# In Today's task you will

- Implement Linear (also called Dense, Fully-Connected) layer as a Perceptron.
- Allow your solution to stack multiple layers to form MLP network.
- Perform forward propagation through your network.

This (and later) template implementation is similar to Pytorch framework.

## Task 1a:

Declare a siMple perceptron (Linear layer) that inherits defined class Module - it is here, to help you store all network layers.

The simple perceptron should be constructed of:
1. Input features
2. Followed by 1 Linear Layer with "single neuron"
3. Activation function


4. Perform forward pass for the example feature vectors `xInput1` and `xInput2` of `size = 10` features.
Use prepared plot to view the results. (Repeat the process using all 4 activation functions.)

In [80]:
# Import
import numpy as np
from plotly.subplots import make_subplots
import plotly.graph_objects as go
from collections import OrderedDict

### Module

All deep learning frameworks have usually one elementary building block.
In our project, we follow the structure of the pytorch, so the elementary building block is called **`Module`**.
Now, it is pretty simple, but it will get more complex and more useful...
You can see function `.backward` that will later contain the partial derivations of chain rule for backward pass and parameter optimization.

In [81]:
class Module:
    def __init__(self):
        self.modules = OrderedDict()

    def add_module(self, module, name:str):
        if hasattr(self, name) and name not in self.modules:
            raise KeyError("attribute '{}' already exists".format(name))
        elif '.' in name:
            raise KeyError("module name can't contain \".\"")
        elif name == '':
            raise KeyError("module name can't be empty string \"\"")
        self.modules[name] = module

    def forward(self, *args, **kwargs) -> np.ndarray:
        pass

    def backward(self, *args, **kwargs):
        pass

    def __call__(self, *args, **kwargs):
        return self.forward(*args, **kwargs)


## Linear Layer

In the lecture, we talked about a Perceptron and Single Layer Perceptron as an object with weight for every input value.
In the frameworks, the "Fully connected layer" is implemented in Matrix Algebra.

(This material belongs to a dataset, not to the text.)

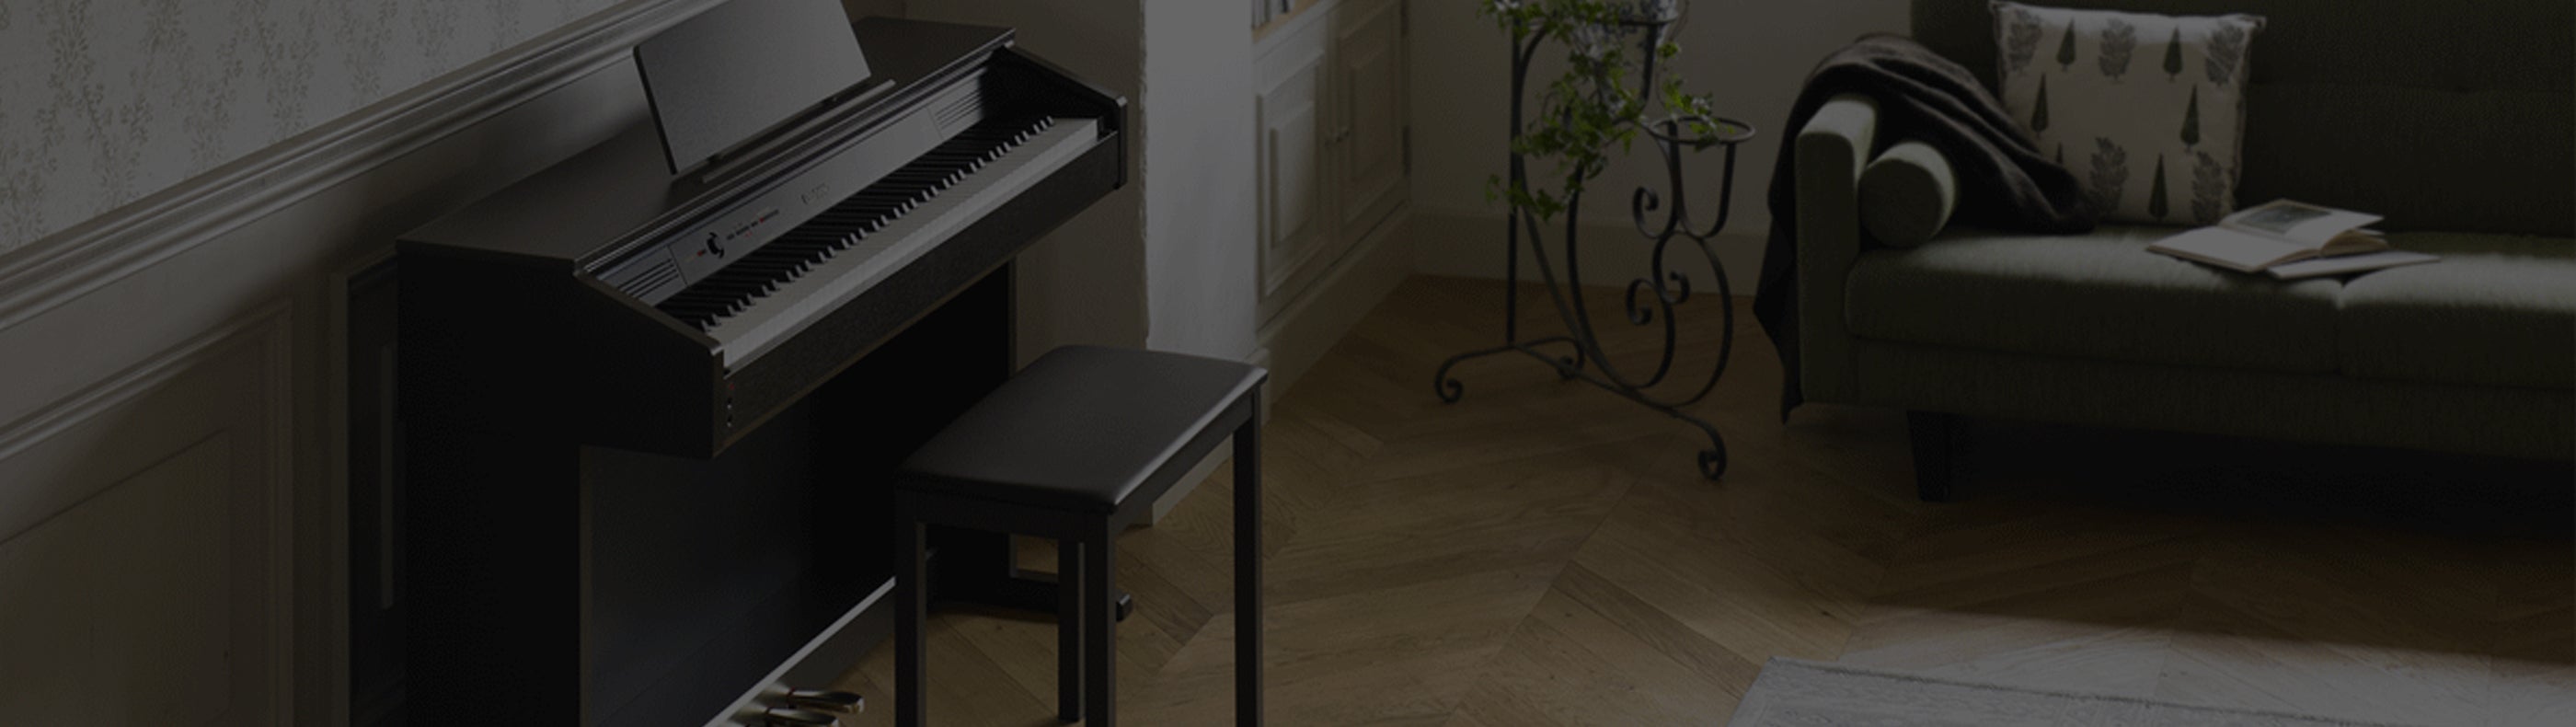 Celviano Digital Pianos

Also, the activation function and layer logic are separated for easier backward propagation (chain rule) and optimization (The topic of 2nd+3rd lecture).

(If you want to know more, you can go to the lecture, or you can take a look on the implementation of forward and backward propagation on your own.)

In [82]:
#------------------------------------------------------------------------------
#   Linear class
#------------------------------------------------------------------------------
class Linear(Module):
    def __init__(self, in_features, out_features):
        super(Linear, self).__init__()
        self.in_features = in_features
        self.out_features = out_features
        self.W = np.random.randn(out_features, in_features)
        self.b = np.zeros((out_features, 1))

    def forward(self, input: np.ndarray) -> np.ndarray:
        Z1 = self.W.dot(input) + self.b
        return Z1
        # <<<<<<<<<

    def backward(self, dz):
        pass


## Activations

The definitions for Sigmoid, Tanh, ReLU, and LeakyReLU activation functions with forward and backward pass.
Implement the forward pass. (for now, you leave the backward pass on `pass`)

In [83]:
#------------------------------------------------------------------------------
#   SigmoidActivationFunction class
#------------------------------------------------------------------------------
class Sigmoid(Module):
    def __init__(self):
        super(Sigmoid, self).__init__()

    def forward(self, input: np.ndarray) -> np.ndarray:

        return (1/(1 + np.exp(- input)))
        # <<<<<<<<<

    def backward(self, da):
        pass

#------------------------------------------------------------------------------
#   HyperbolicTangentActivationFunction class
#------------------------------------------------------------------------------
class Tanh(Module):
    def __init__(self):
        super(Tanh, self).__init__()

    def forward(self, input: np.ndarray) -> np.ndarray:

        return (np.exp(input) - np.exp(- input))/(np.exp(input) + np.exp(- input))

        # <<<<<<<<<

    def backward(self, da):
        pass

#------------------------------------------------------------------------------
#   RELUActivationFunction class
#------------------------------------------------------------------------------
class ReLU(Module):
    def __init__(self):
        super(ReLU, self).__init__()

    def forward(self, input: np.ndarray) -> np.ndarray:

        return np.maximum(0, input)
        # <<<<<<<<<

    def backward(self, da):
        pass

#------------------------------------------------------------------------------
#   LeakyRELUActivationFunction class
#------------------------------------------------------------------------------
class LeakyReLU(Module):
    # >>>>>>>>> add something here
    def __init__(self, alpha = 0.01):
        self.alpha = alpha
        super(LeakyReLU, self).__init__()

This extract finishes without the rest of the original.